We all needs reference points to help define who we are. I choose two Harolds and an Ivan: John Harold Hewitt, poet (1907-1987), James Harold McCusker, politician (1940-1990) and Ivan Turgenev, novelist and playwright (1818-1883).
Turgenev first: “… if we wait for the moment when everything, absolutely everything is ready, we shall never begin.”
Harold McCusker died of cancer twenty years ago. Had he lived, he would have succeeded James Molyneaux as Ulster Unionist leader. He was a passionate, articulate defender of the Union. As a broadcast journalist, I interviewed him many times. Once, he gave me a bloody nose and a lesson I never forgot – a lesson in the importance of listening. He ran rings round me on Good Morning Ulster one day, to the point he was able to say “Now you are arguing my case for me!” I never, ever, let a politician do that to me again. I owe him. You can read one of the great passionate unionist speeches delivered in the House of Commons at http://hansard.millbanksystems.com/commons/1985/nov/27/anglo-irish-agreement
Harold McCusker sat on a think tank with the DUP in 1987. It was called The Task Force, and it published a report entitled An End to Drift. That theme fits today ….
John Hewitt (28 October 1907-22 June 1987) was an insightful, accessible poet who described himself as being Ulster, Irish, British and European. Below are some of the words that inspire and inform who I am.
AN ULSTERMAN
This is my country. If my people came
From England here four centuries ago,
The only trace that’s left is in my name.
Kilmore, Armagh no other sod can show
The weathered stone of our first burying.
Born in Belfast, which drew the landless in,
That river-straddling, hill-rimmed town, I cling
To the inflexions of my origin.
Though creed-crazed zealots and the ignorant crowd,
Long-nurtured, never checked, in ways of hate,
Have made our streets a byword of offence,
This is my country, never disavowed.
When it is fouled, shall I not remonstrate?

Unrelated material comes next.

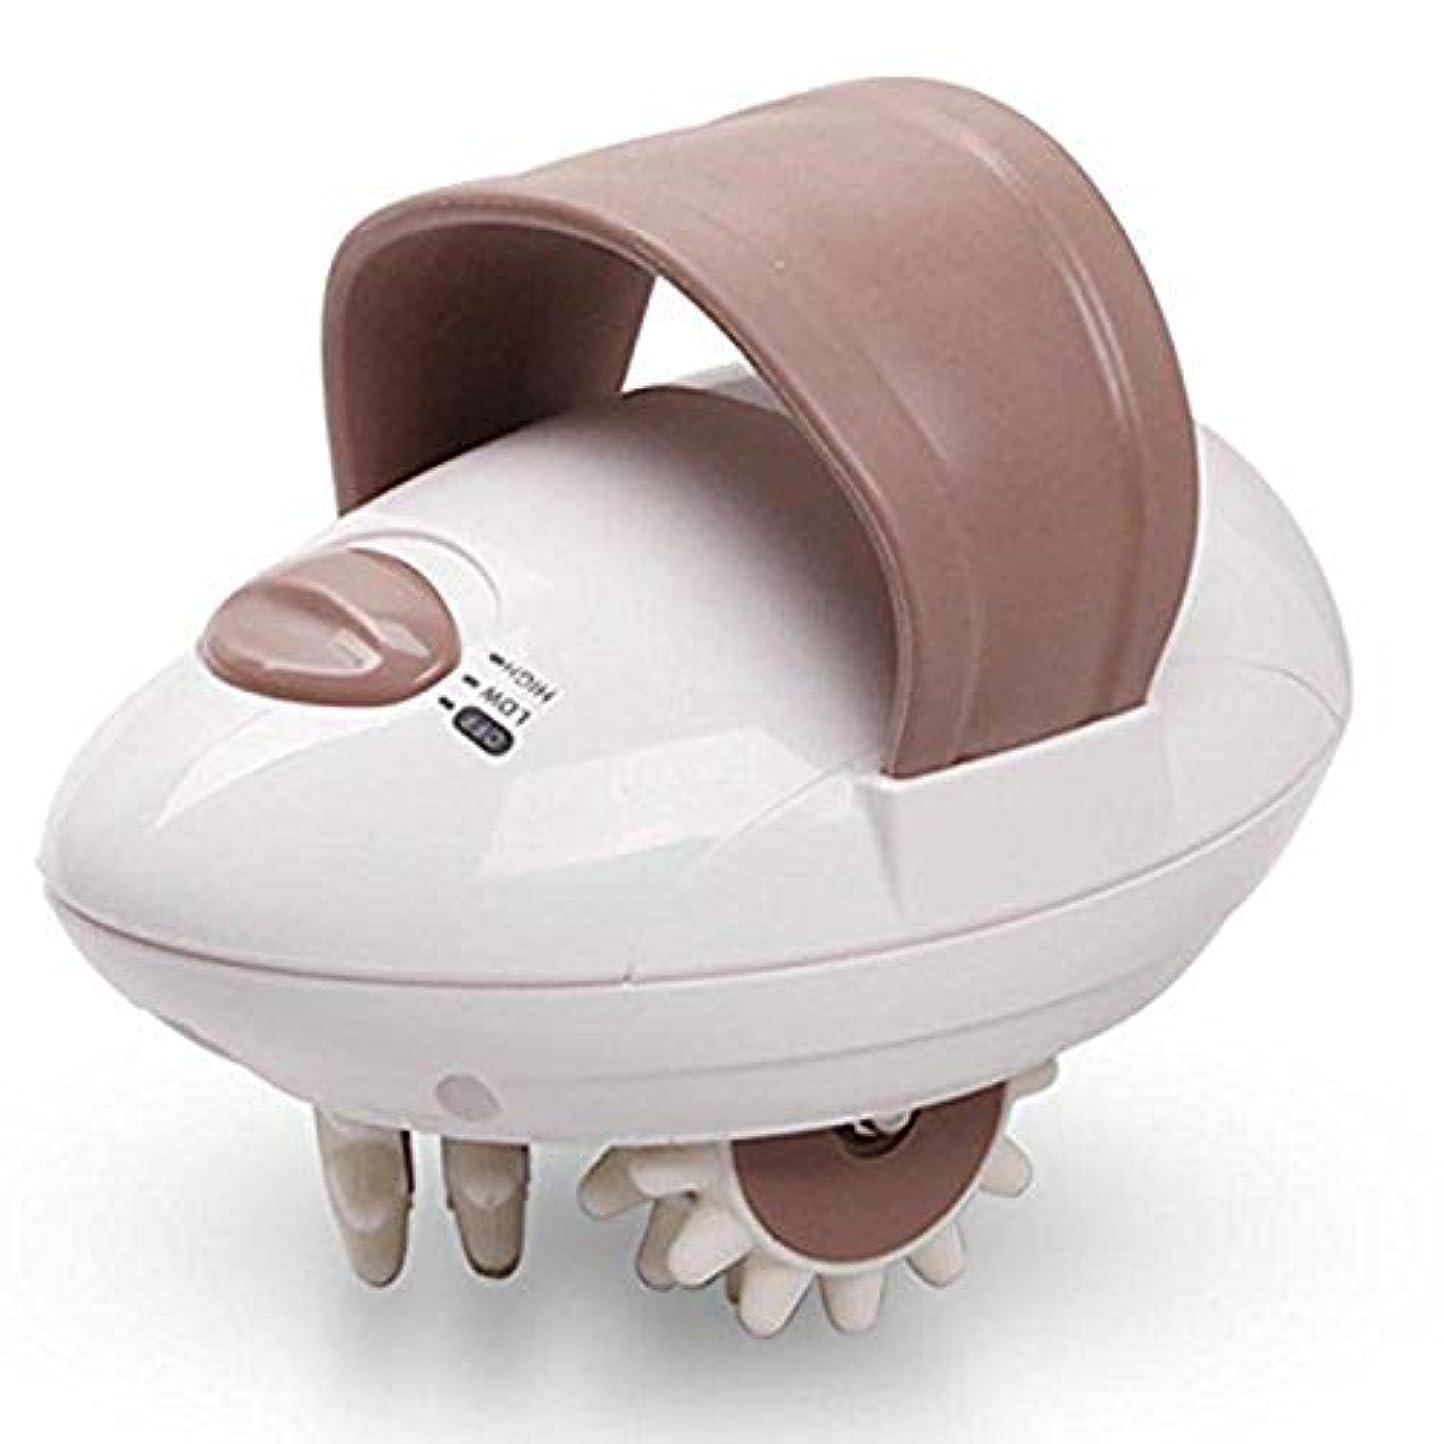 検体スポーツ斧3D Electric Full Body Slimming Massager Roller Cellulite Massaging Smarter Device Weight Loss Fat Burning Relieve...

My heritage is not their violence.
THE COASTERS
You coasted along
To larger houses, gadgets, more machines,
to golf and weekend bungalows,
caravans when the children were small,
the Mediterranean, later, with the wife.
You did not go to church often,
weddings were special;
but you kept your name on the books
against eventualities;
and the parson called, or the curate.
You showed a sense of responsibility,
with subscriptions to worthwhile causes
and service in voluntary organisations;
and, anyhow, this did the business no harm,
no harm at all.
Relations were improving. A good
useful life. You coasted along.
You even had a friend or two of the other sort,
coasting too: your ways ran parallel.
Their children ad yours seldom met, though,
being at different schools.
You visited each other, decent folks with a sense
of humour. Introduced, even, to
one of their clergy. And then you smiled
in the looking glass, admiring, a
little moved by, your broadmindedness.
Your father would never have known
one of them. Come to think of it,
when you were young, your own home was never
visited by one of the other sort.
Relations were improving. The annual processions
began to look rather like folk festivals.
When that noisy preacher started,
he seemed old-fashioned, a survival.
Later you remarked on his vehemence,
a bit on the rough side.
But you said, admit it, you said in a club,
‘you know, there’s something in what he says.’
And you who seldom had time to read a book,
what with reports and the colour supplements,
denounced censorship.
And you who never had an adventurous thought
were positive that the church of the other sort
vetoes thought.
And you, who simply put up with marriage
for the children’s sake, deplored
the attitude of the other sort
to divorce,
You coasted along.
And all the time, though you never noticed,
the old lies festered;
the ignorant became more thoroughly infected;
there were gains, of course;
you never saw any go barefoot.
The government permanent, sustained
by the regular plebiscites of loyalty.
You always vote but never
put a sticker on the car;
a card in the window
would not have been seen from the street.
Faces changed on the posters, names too, often,
but the same families, the same class of people.
A minister once called you by your first name.
You coasted along
and the sores suppurated and spread.
Now the fever is high and raging;
who would have guessed it, coasting along?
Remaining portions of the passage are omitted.